**Required work:** Leave the pictures out. Return the rest of the listing below exactly.

**Provided material:**
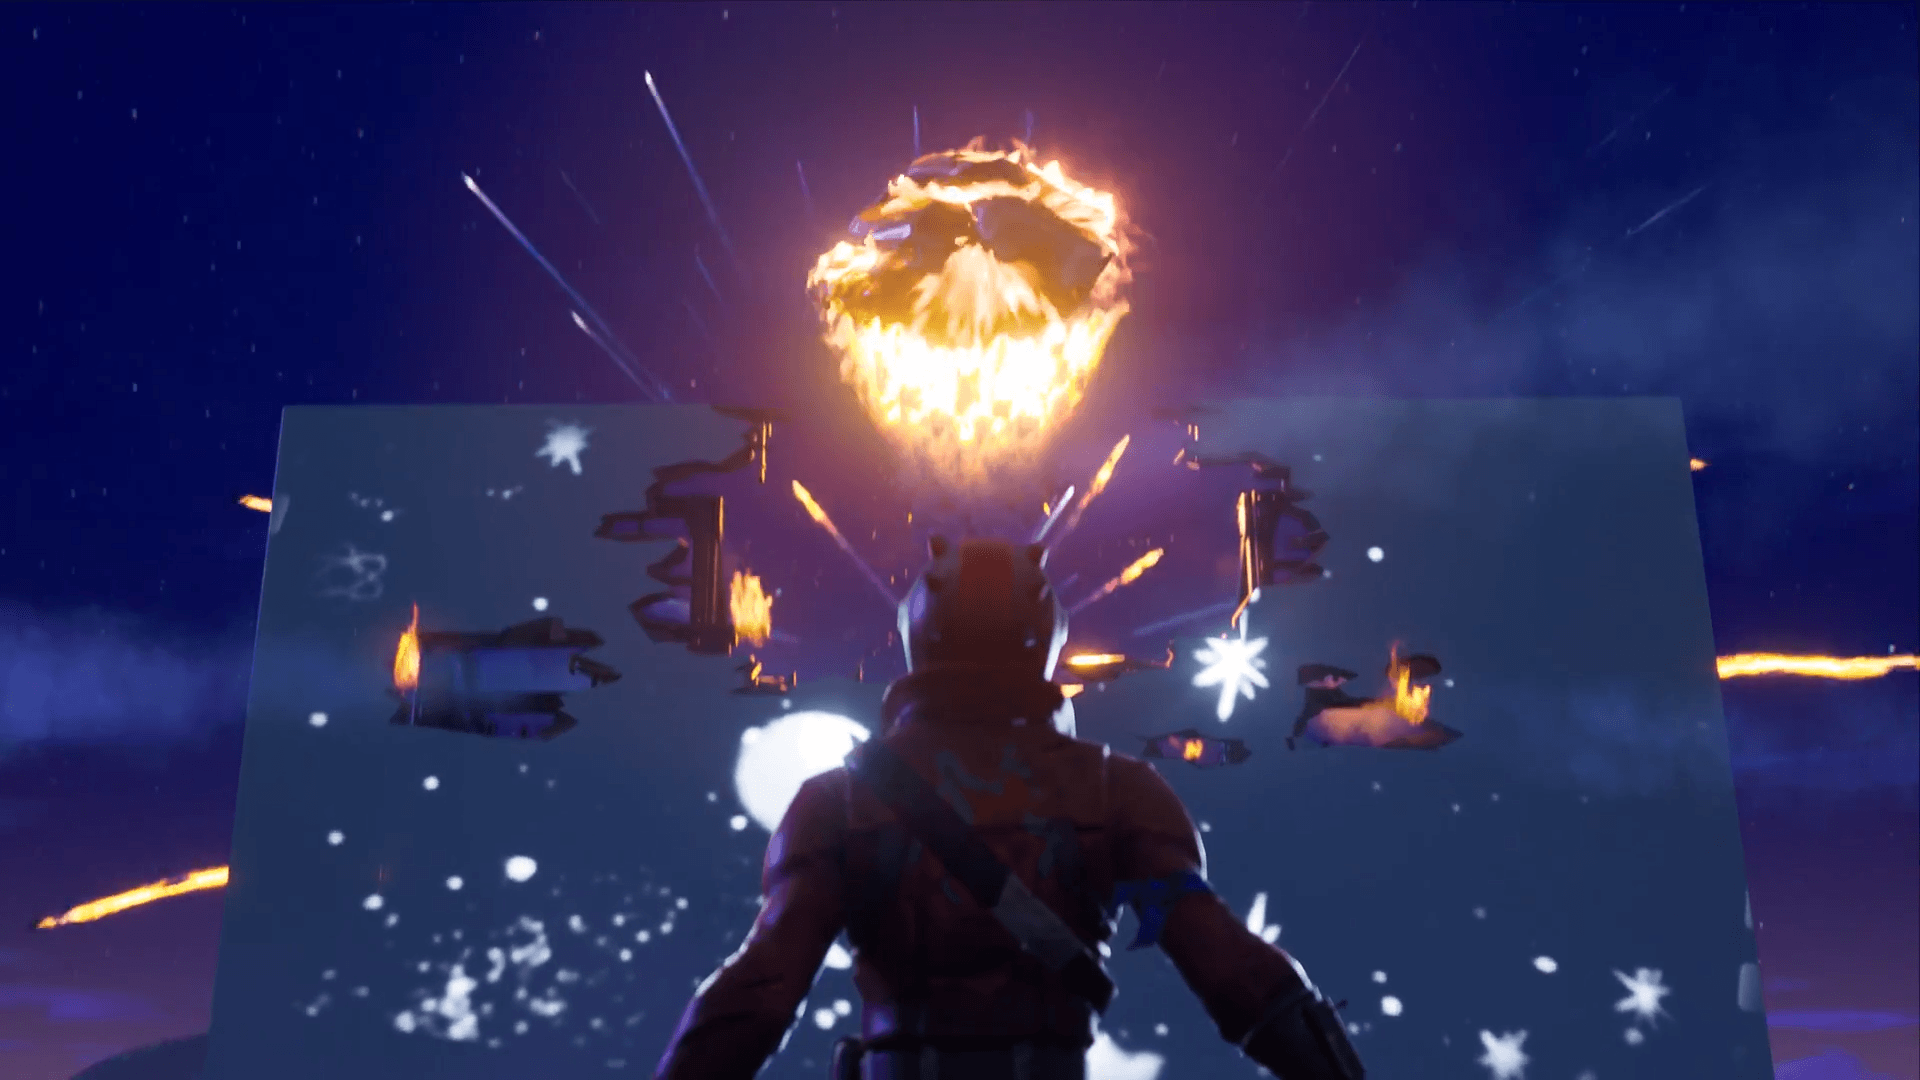 Fortnite Rust Lord Wallpapers
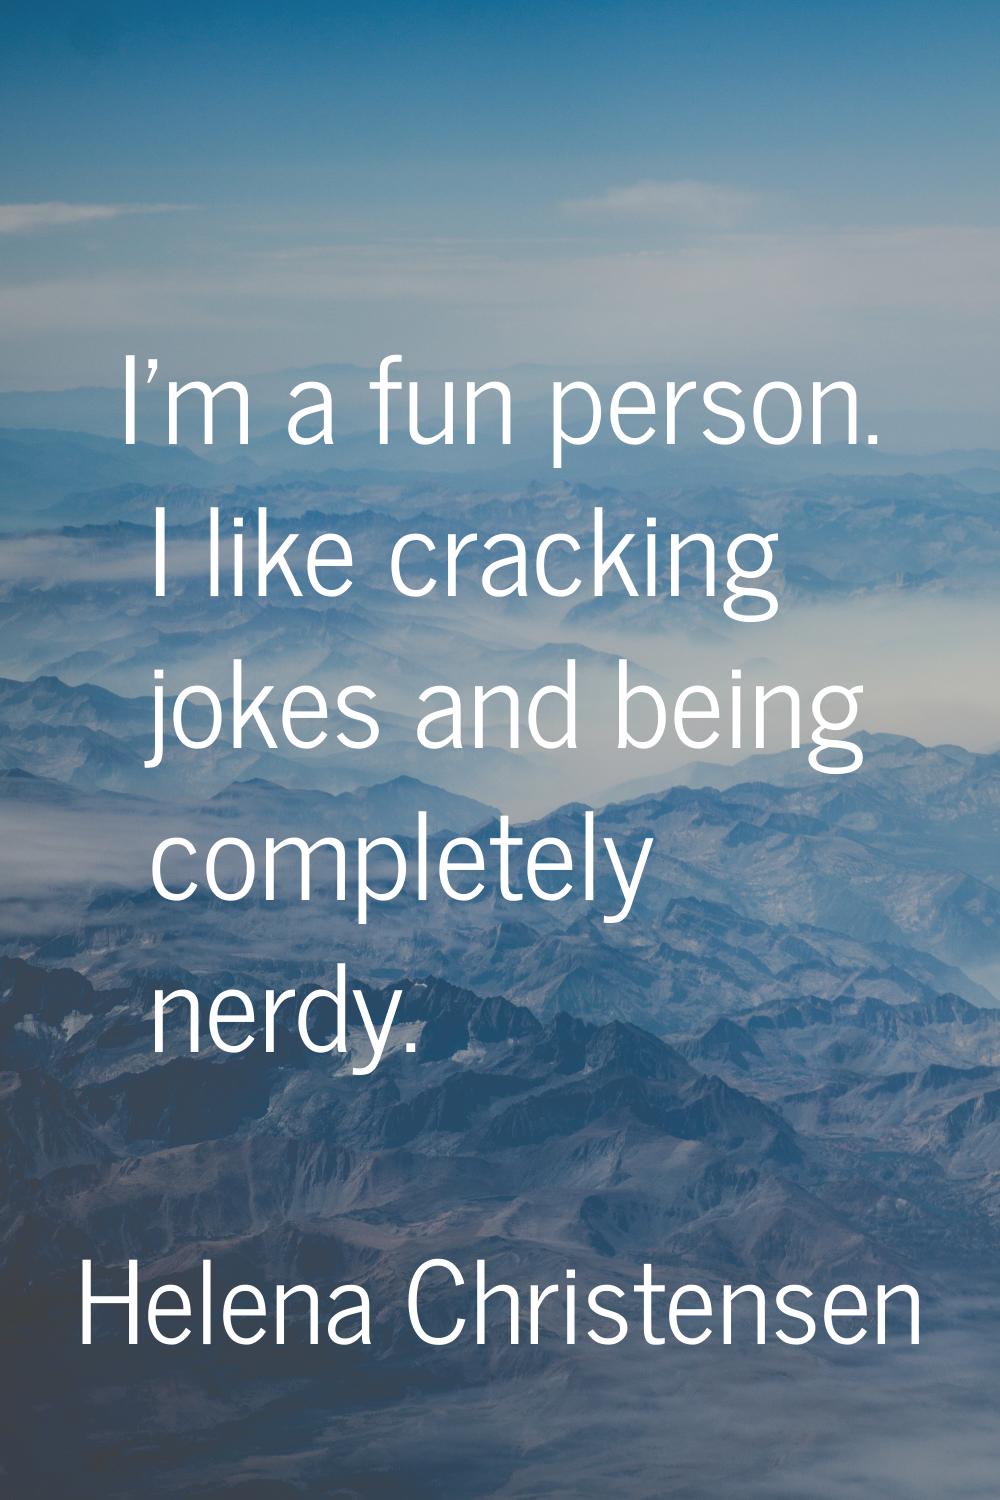 I'm a fun person. I like cracking jokes and being completely nerdy.
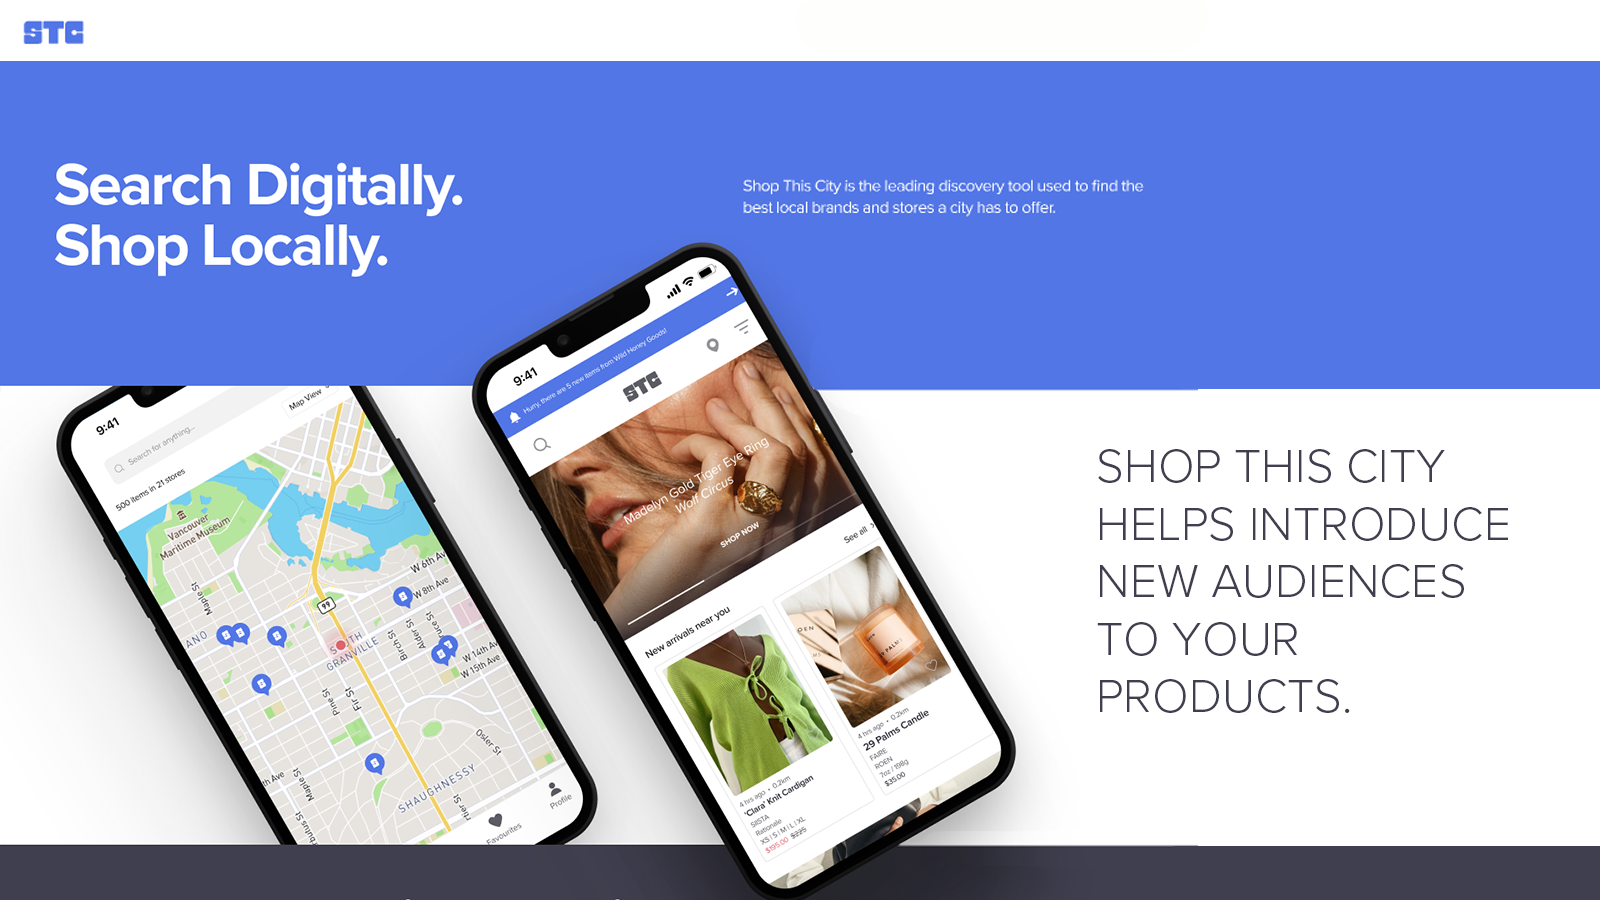 Connect, share and promote your products with Shop This City
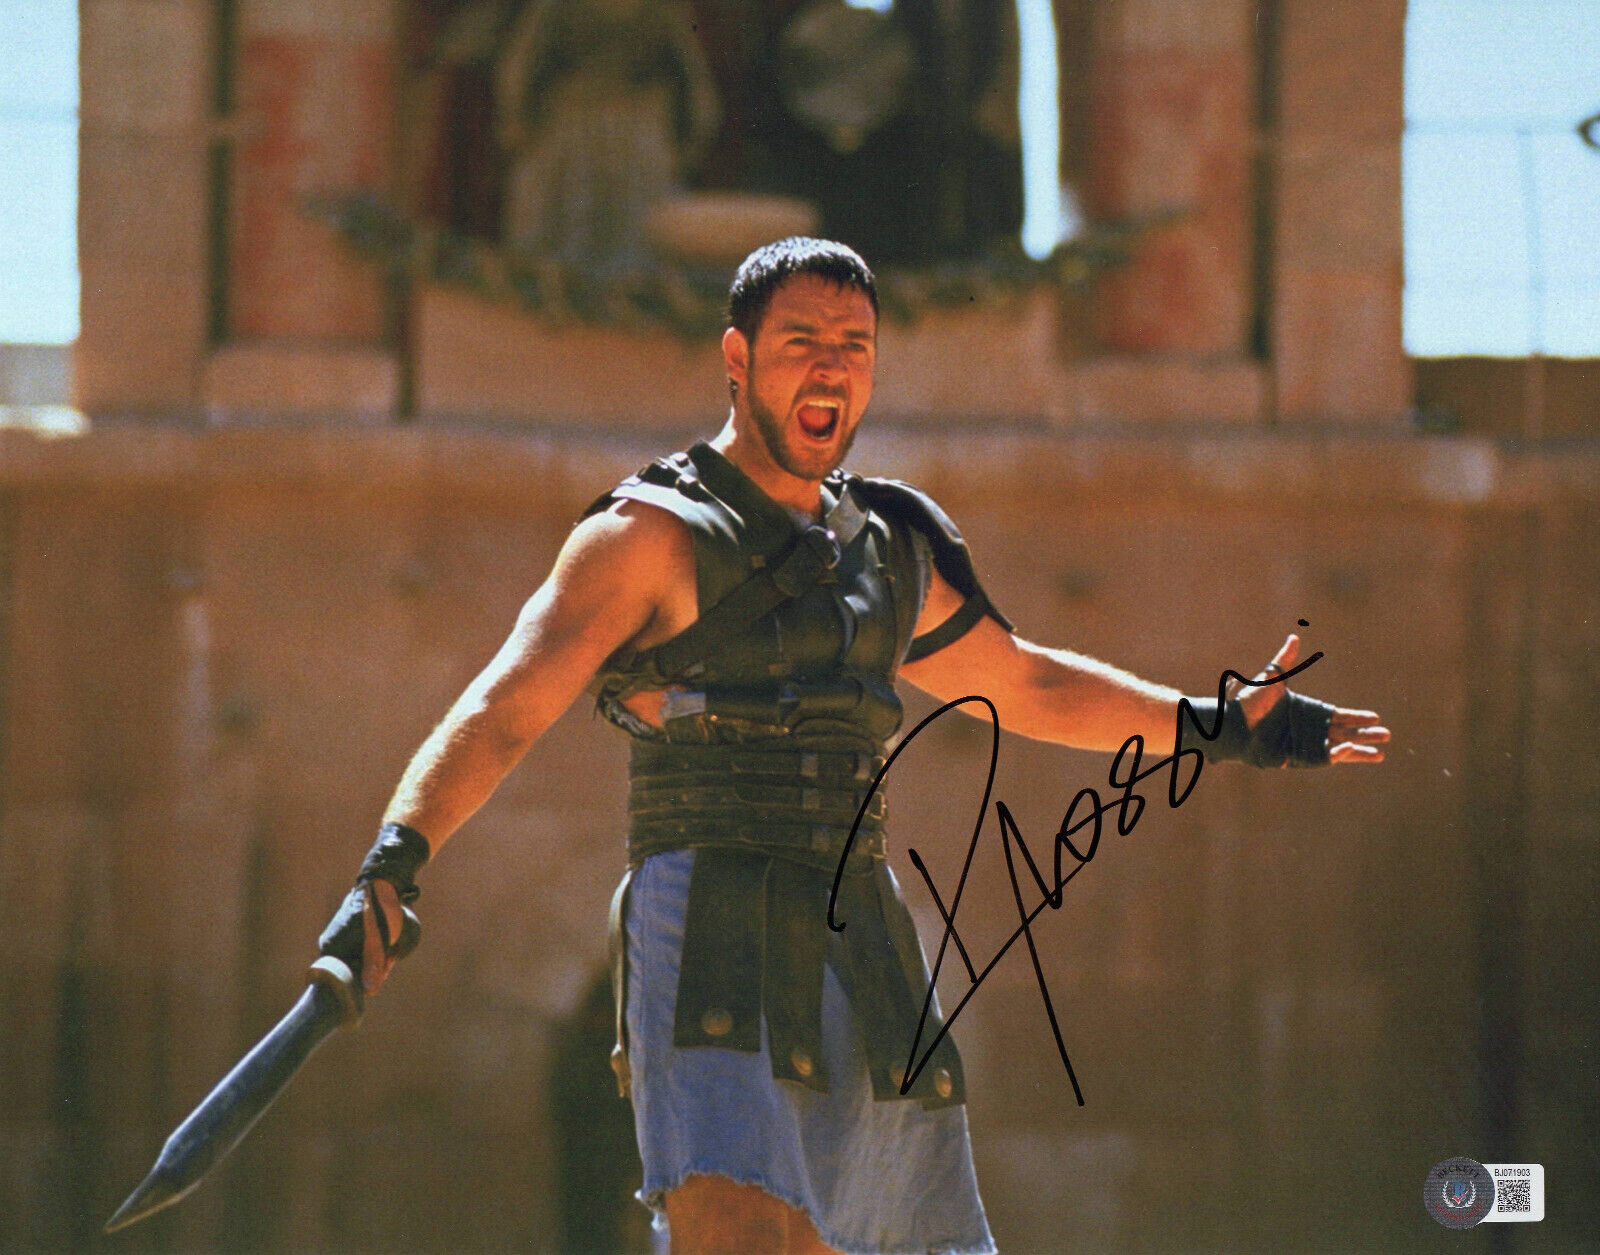 Russell Crowe Signed Autograph Gladiator 11x14 Photo Beckett BAS

**Response area:**
 Fortnite Rust Lord Wallpapers
 I'm a fun person. I like cracking jokes and being completely nerdy.
 Connect, share and promote your products with Shop This City
 Russell Crowe Signed Autograph Gladiator 11x14 Photo Beckett BAS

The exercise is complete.